The program could be launched as early as next fall in 6 to 8 schools on a pilot basis and gradually expanded to serve all 54 elementary schools.

In recent years, growing numbers of communities have begun offering before- and after-school programs for school-age youngsters and, in some cases, full-day care for preschool children. (See Education Week, April 19, 1988.)

While garnering some support from foundations and state legislatures, the programs are largely financed by fees charged to parents.

The plan being drafted in Tulsa would be the first in a large urban district to offer a wide range of services--including home visits and parenting training, child-care referral, and training for local day-care providers--with the costs heavily subsidized by public funds.
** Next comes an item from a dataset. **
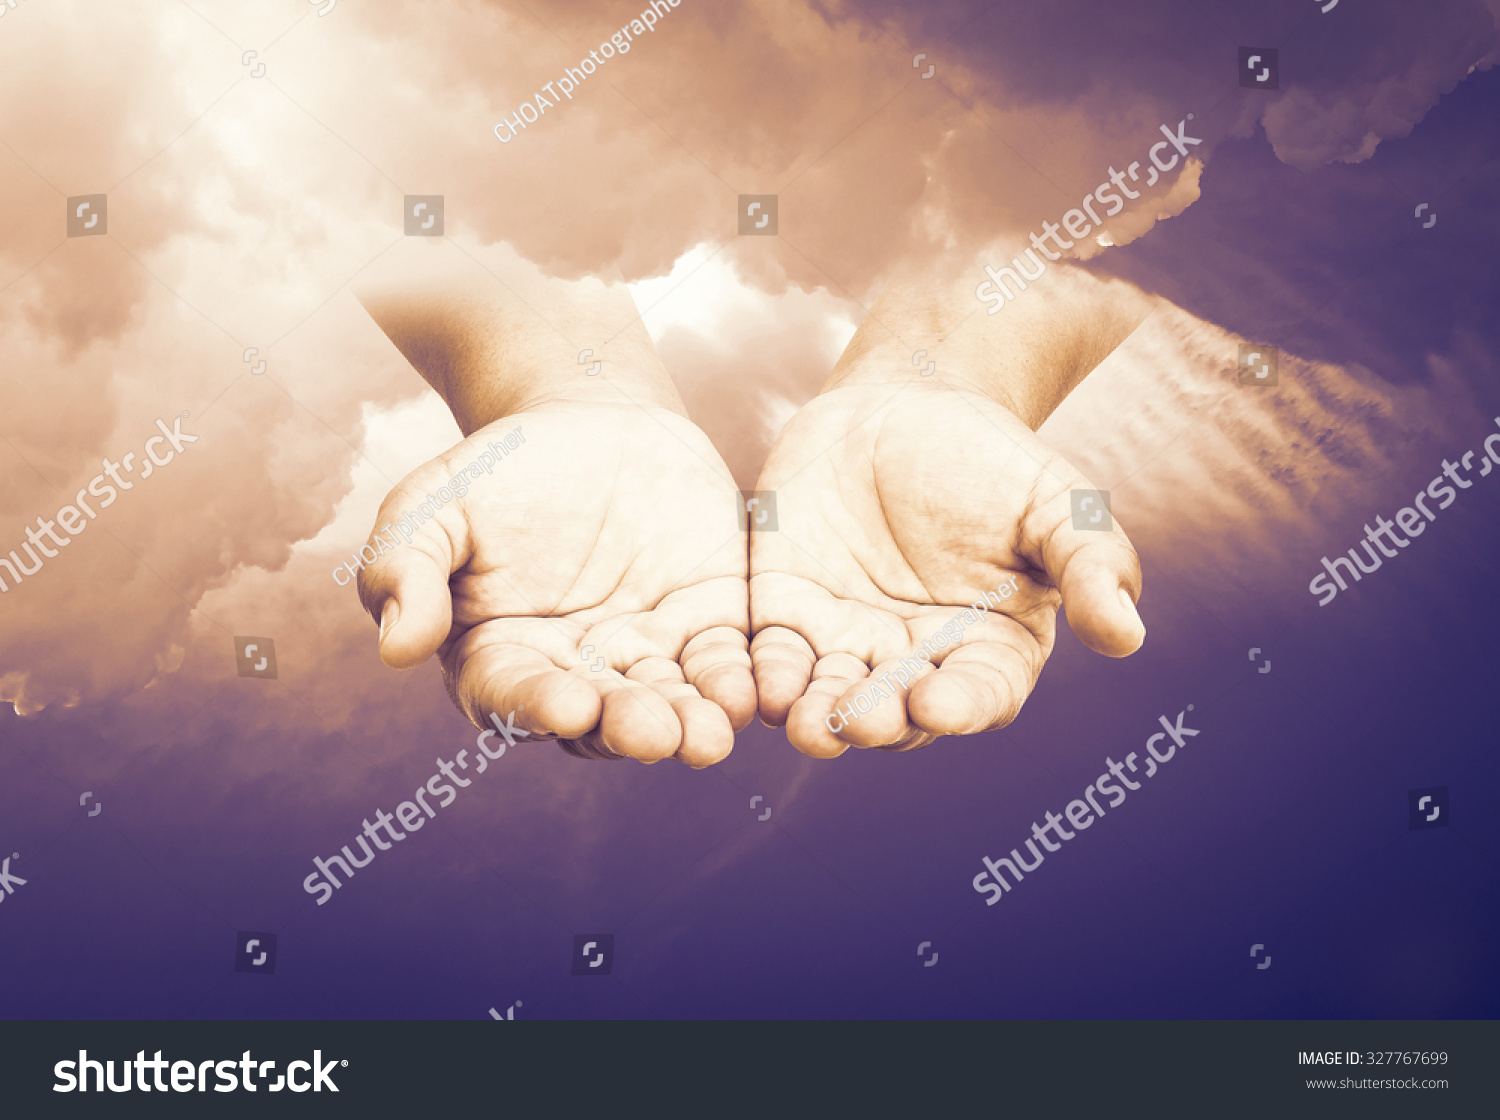 Mercy Hand God Concept Jesus Christ Stock Photo 327767699 - Shutterstock

Although no funding source has been secured, Tulsa officials are eyeing several options, including the extension of a local sales tax.
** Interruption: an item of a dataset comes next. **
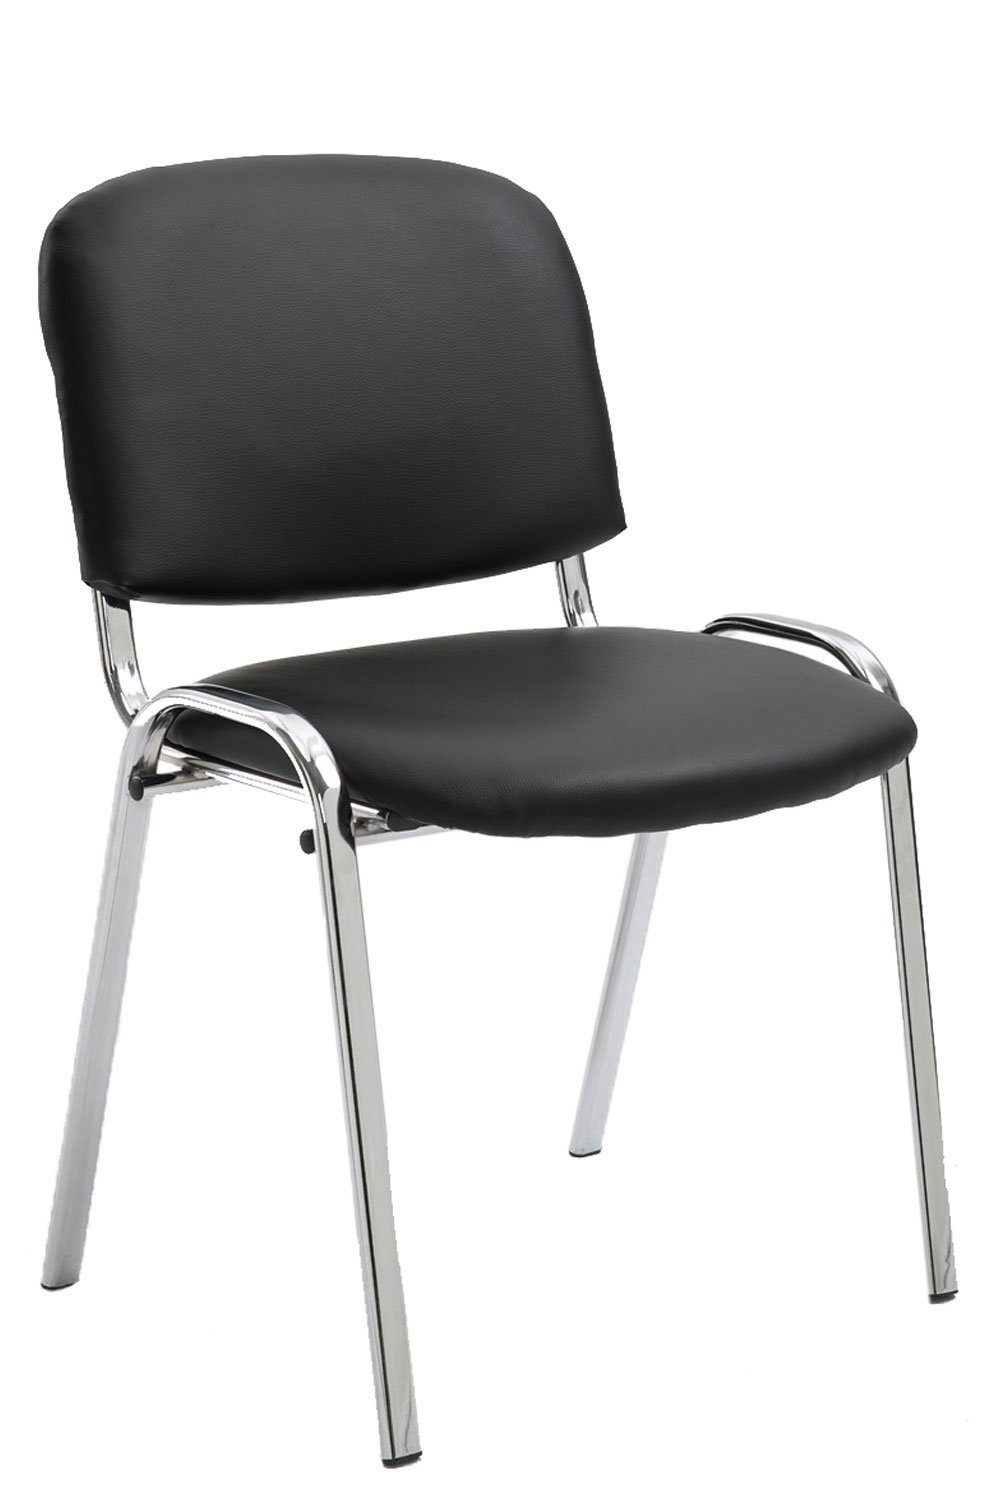 TPFLiving Besucherstuhl Keen mit hochwertiger Polsterung - Konferenzstuhl (Besprechungsstuhl - Warteraumstuhl - Messestuhl), Gestell: Metall chrom - Sitzfläche: Kunstleder schwarz

If Tulsa can pull off such a plan, said Edward F. Zigler, Sterling Professor of Psychology at Yale University and director of Yale’s Bush Center in Child Development, “it will not have been done in [that] magnitude before.”

The effort is being modeled after the “School of the 21st Century” concept advanced by Mr. Zigler, who has argued that, while private providers should be encouraged to play a role, an established institution such as the school is best suited to serve as the “hub” for child-care efforts. (See Education Week, Feb. 3, 1988.)

Models of the program are currently operating in parts of Missouri, Colorado, Wyoming, and Connecticut. Other states, such as Kentucky, have recently enacted legislation calling for similar programs.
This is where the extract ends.